Since the start of 2020, Ally Financial (ALLY -0.04%) has weathered the pandemic-induced shutdowns, a boom in auto lending, rapidly rising car prices, and recent volatility in the banking sector after the failure of SVB Financial's Silicon Valley Bank and First Republic Bank in recent months.

It should come as no surprise that the stock has had its ups and downs over the years. Ally Financial stock has taken investors on a roller-coaster ride. If you invested $2,000 in Ally Financial at the start of 2020, your investment would have dipped to $770 during the March 2020 sell-off, only to surge higher to $3,834 by early 2021. Today, that initial investment would be worth about $2,065.

ALLY Total Return Level Chart

Data source: YCharts

Here's how the company has weathered recent events affecting the banking industry and what investors will want to pay attention to next.

Tight automotive inventory levels benefited Ally in 2021

Ally Financial offers customers various financial products and services, including banking, brokerage, credit cards, and loans. However, its roots are in making auto loans. That's because the company was founded in 1919 as the General Motors Acceptance Corp. (GMAC), rebranded as Ally Financial in 2010, and went public in 2014. 

In 2020, supply chain disruptions affected everything from inventory to auto production. As a result, there was a shortage of vehicles for sale while, at the same time, demand for vehicles ramped up. Car prices rose, and Ally Financial benefited in a big way.

In 2021, Ally's revenue from its automotive lending business jumped 22%, while its net income blasted 163% higher. It posted stellar margins, but that surge was short-lived. Last year Ally's auto lending business saw revenue grow 1%, net income fell 34%, and margins shrank.

Falling car prices and high interest rates are a drag on the business

The Manheim Used Vehicle Value Index, which measure the cost of used-vehicle prices, surged from mid-2020 through mid-2022. Since then, the price of used vehicles has fallen year over year every month since September. 

A chart shows the year-over-year change in the Manheim Used Vehicle Index.

Data source: Manheim Used Vehicle Value Index. Chart by author.

Ally's business has struggled with the return to normalcy in the automotive market. The Federal Reserve is raising interest rates in its fight to bring down inflation, which had increased to its highest level in four decades. As a result, the federal funds rate, or the overnight lending rate for banks, went from near-zero to 5.25% in a little over a year.

This has raised the cost of financing anything from mortgages to used cars. When you consider the cost of used vehicles is falling, it appears that the rising interest rates are having an impact on slowing the pace of inflation. However, this has hurt Ally's business, which saw its first-quarter net income fall 51% from the same quarter last year. 

Here are the risks you'll want to consider

Ally Financial doesn't face many of the risks that plagued Silicon Valley Bank or First Republic. Ally's deposits grew to $138.5 billion in the first quarter, up $2.5 billion from the prior year and up $800 million from Q4. Also, 91% of its retail deposits are insured by the Federal Deposit Insurance Corp. In comparison, only 15% of Silicon Valley Bank's deposits were FDIC insured.  

While Ally doesn't face those deposit flight risks like Silicon Valley Bank, it does have some risks relating to its auto lending business.

According to the New York Federal Reserve Bank, auto loan delinquencies are rising. Specifically, younger borrowers are getting hit the hardest. According to the Fed, 4.6% of auto loans among borrowers under 30 are in "serious delinquency," the highest level recorded since the Great Recession  

A chart shows the auto loan delinquency rates over the last few decades.

Data source: New York Federal Reserve Bank. Chart by author.

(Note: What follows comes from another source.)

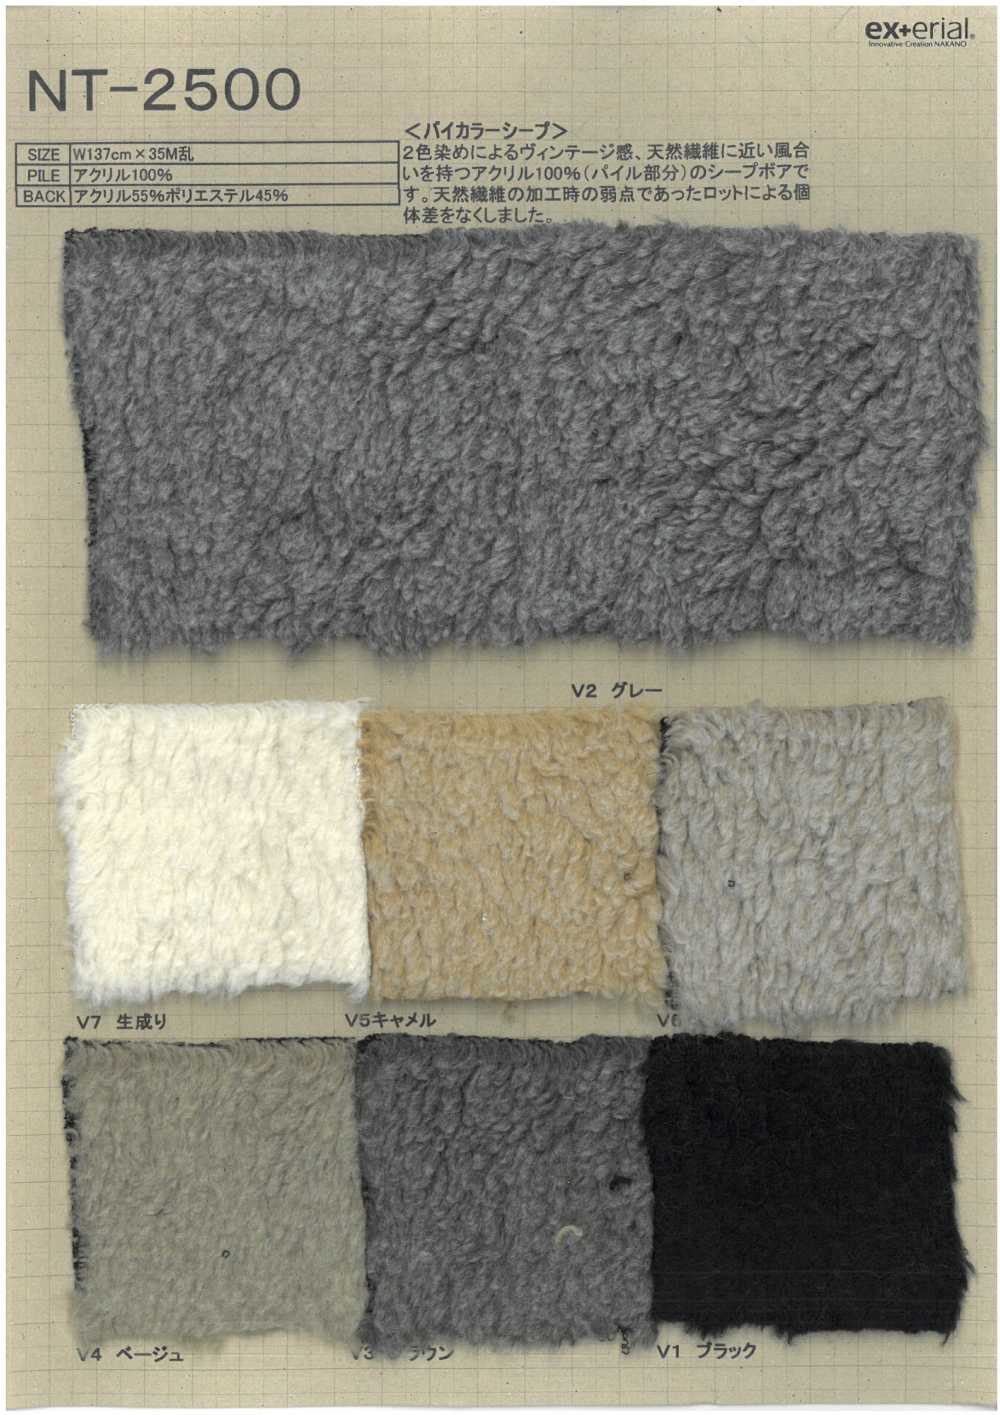 NT-2500 Fourrure Artisanale [mouton Bicolore][Fabrication De Textile] Industrie Du Jersey Nakano

In Q1, Ally saw a net charge-off rate of 1.7% on its consumer auto loan portfolio. It also has an allowance for loan losses of $3 billion on its nearly $84 billion auto loan portfolio, or about 3.6%. If it does see defaults continue to tick up, it could be forced to build up more reserves and charge off more loans, which would hurt the bottom line.

Short-term risks could be present an excellent buying opportunity

The biggest short-term risks for Ally are tightening lending conditions and a potentially slowing economy. Entering the year, four out of five economists believed the U.S. could enter a recession in the next two years. Analysts at JPMorgan Chase say the odds of a recession before the end of this year are over 50%. If the U.S. enters a recession, Ally's earnings will continue to take a hit, while defaults on its auto loans could continue to rise.

Ally has done a solid job of consistently increasing its deposits and expanding its offerings. While a recession could weigh on the stock in the short term, a sizable decline in the share price from here could be an excellent buying opportunity for long-term investors.